The honest summary: none of these tools answer the same question Dokima answers. They each solve an adjacent problem well. A mature security programme uses several of them.


What Hugging Face itself does NOT score

A common implicit assumption when discussing "AI model safety" is that Hugging Face's own safety scanners cover most of the surface. They do not. Hugging Face runs a few specific automated checks (the unsafe tag, Pickle imports, Picklescan-style scanning of common file formats) and a small number of curated programmes (Protect AI / Guardian integrations, malware tagging). What HF does not produce a verdict on, by design:

  • Biosecurity — whether a model meaningfully advances bioweapons design or pathogen synthesis. No automated probe in the HF stack.
  • Election manipulation — disinformation generation capacity, deepfake potency, narrative-cascade behaviour. Not a HF surface.
  • Dangerous capabilities more broadly — autonomous-weapons-relevant capabilities, mass-targeting capabilities, advanced cyberattack tooling. Researcher-led evaluations exist; the platform does not gate on them.
  • Jailbreak resilience — how well safety training holds up under adversarial prompting. The model card may quote evaluations; HF does not run them.
  • Hallucination rate and calibration — base rates and confidence calibration on factual recall. Researcher domain; not platform-scored.

Dokima does not score these either. Doing so credibly requires running the model — which we deliberately do not do for free-tier scans (cost, legal exposure, and reproducibility against a static commit SHA all become harder). The Dokima scope is what is decidable from metadata: serialisation safety, documentation completeness, licence clarity, namespace provenance, presence and freshness of safety/bias evaluation citations, regulatory-alignment signals, and ecosystem context.

The point of this section is to be honest about the gap: a high Dokima score is necessary-but-not-sufficient evidence that a model is safe to deploy in a specific application. A "Strong" or "Exemplary" grade tells you the artefact is well-formed, well-documented, and well-provenanced. It does not tell you the model is appropriate for your use case, your regulatory posture, or your risk tolerance. That assessment requires capability evaluations the platform layer cannot perform.
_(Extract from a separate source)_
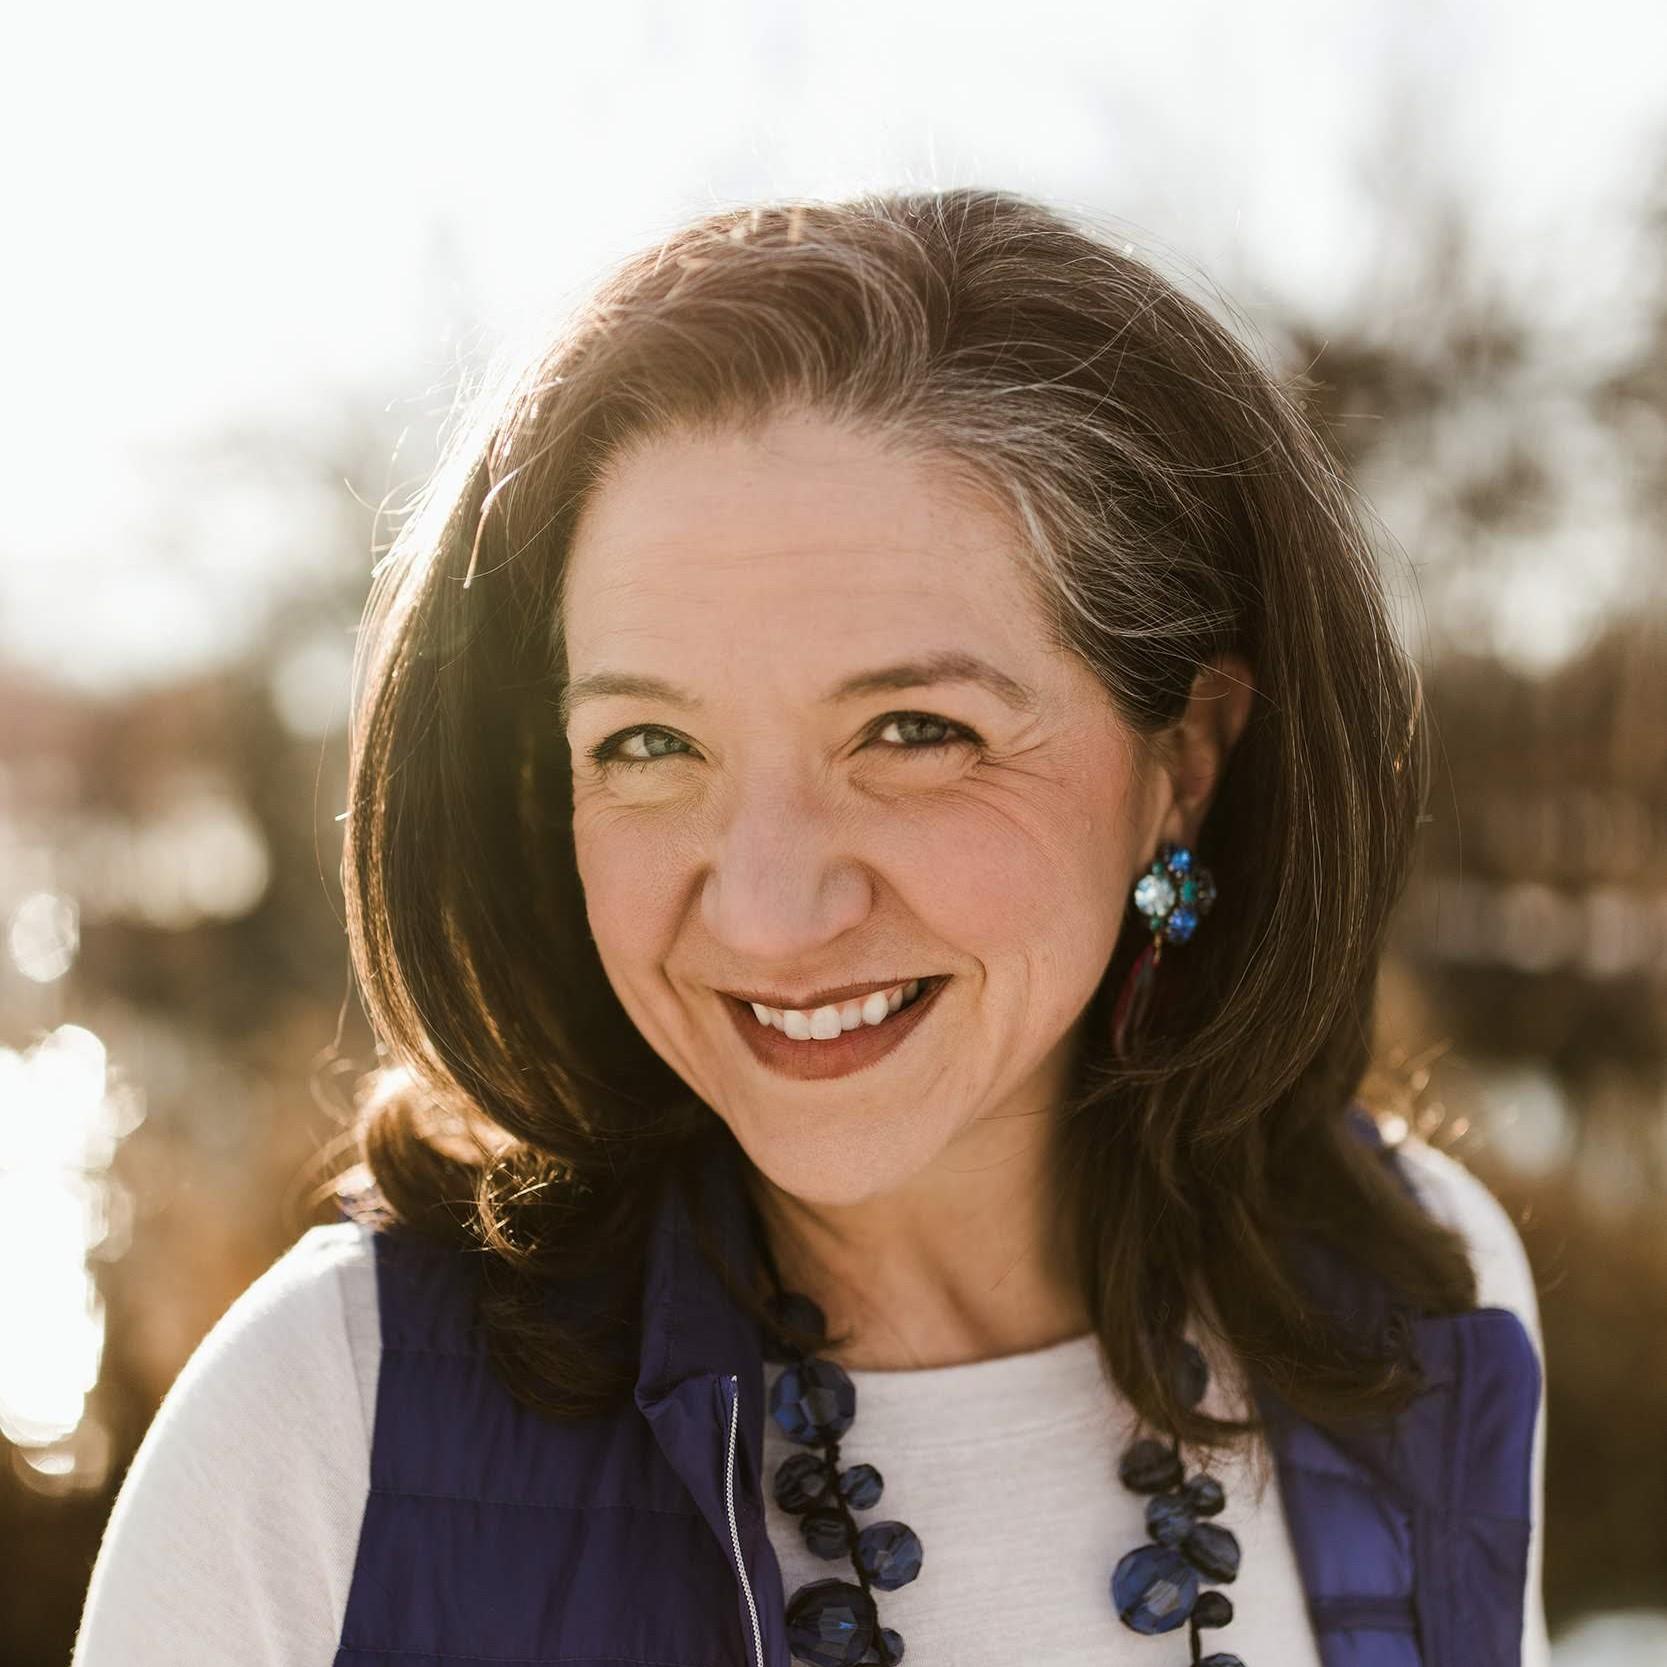 Mary-Katherine Brooks Fleming
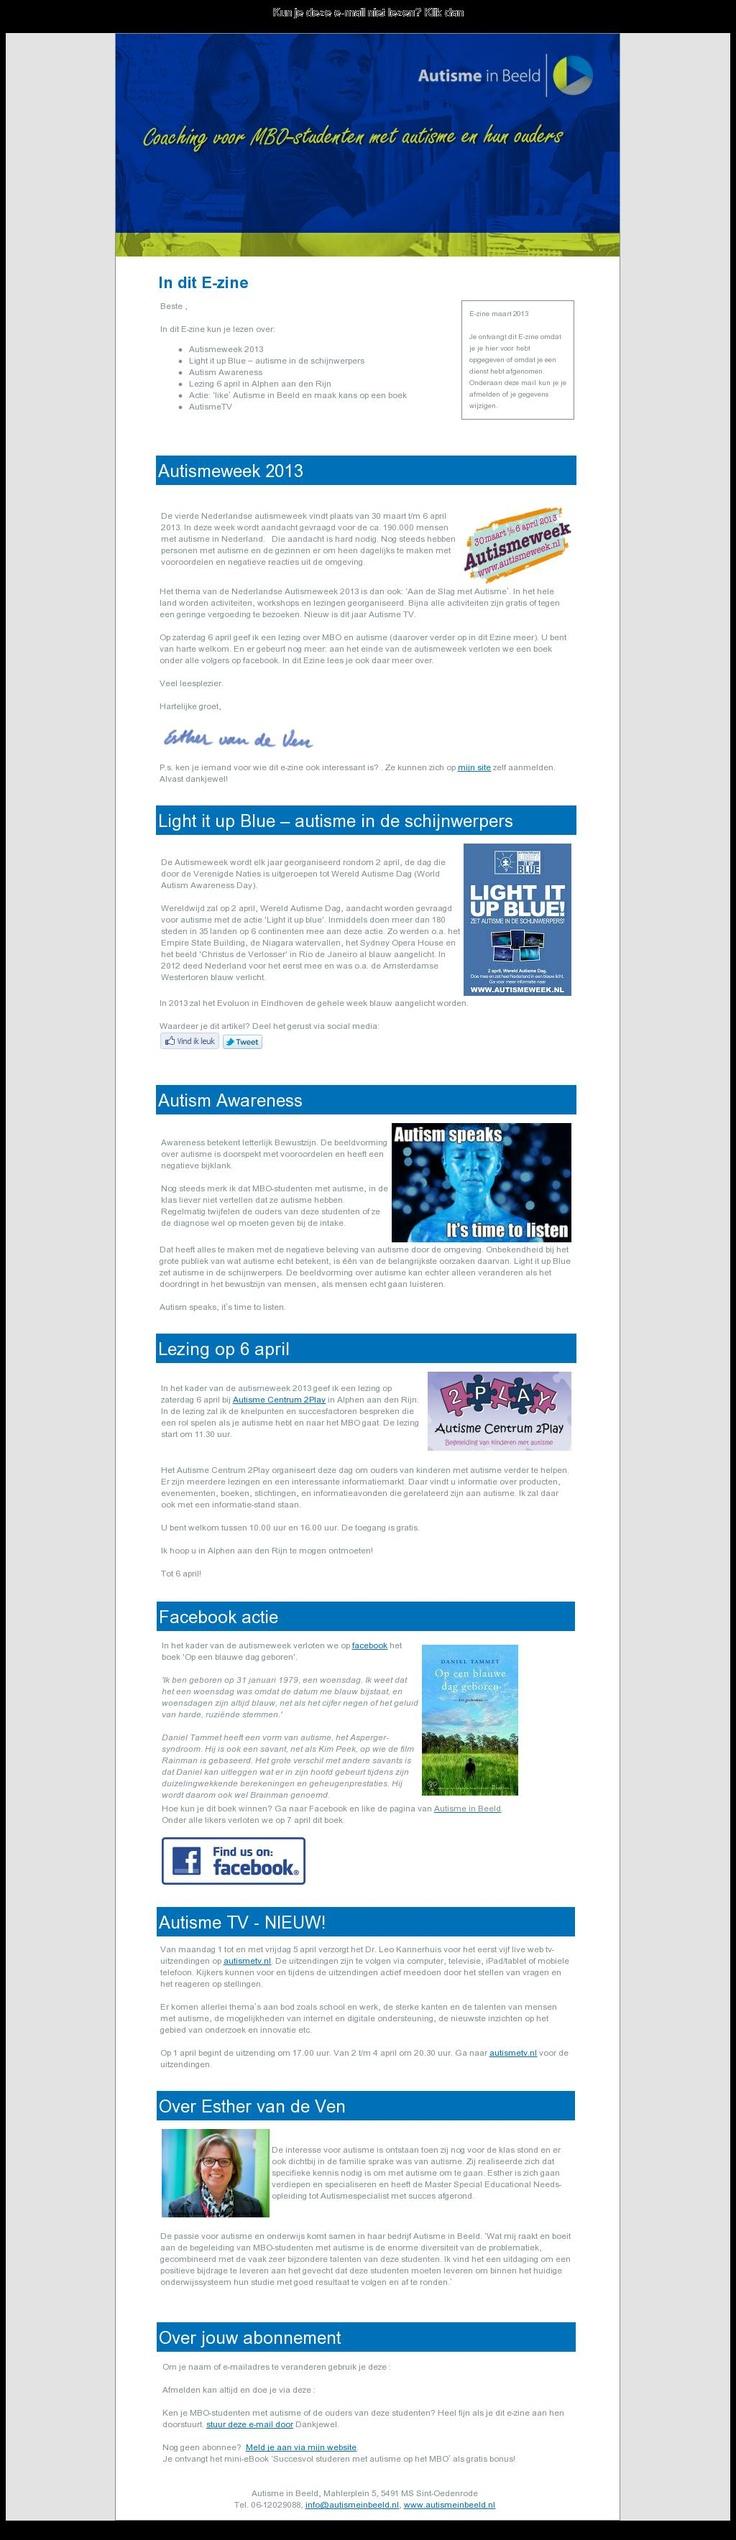 De nieuwsbrief van www.autismeinbeeld.nl

This is the same shape as a Lighthouse performance score for a website: a 100 means the bundle is well-structured and fast, not that the content is good. The Dokima score is the audit floor that frees a buyer to focus their evaluation budget on the questions that do require human or capability-based judgement.


Why publish this comparison

Two reasons. First, buyers ask: "how is this different from Snyk-for-AI?" — and a credible answer requires distinguishing the layers in the stack rather than pretending the products overlap more than they do. Second, the security-scoring market is going to consolidate over the next 18 to 36 months and the question of "which scoring services share a methodology basis?" will matter for procurement. Publishing the comparison up front lets the discussion happen on accurate ground rather than via vendor marketing.

The competitive landscape table will be republished when peer products materially change scope; the "what HF does not score" callout is expected to be stable through at least one major Hugging Face platform release.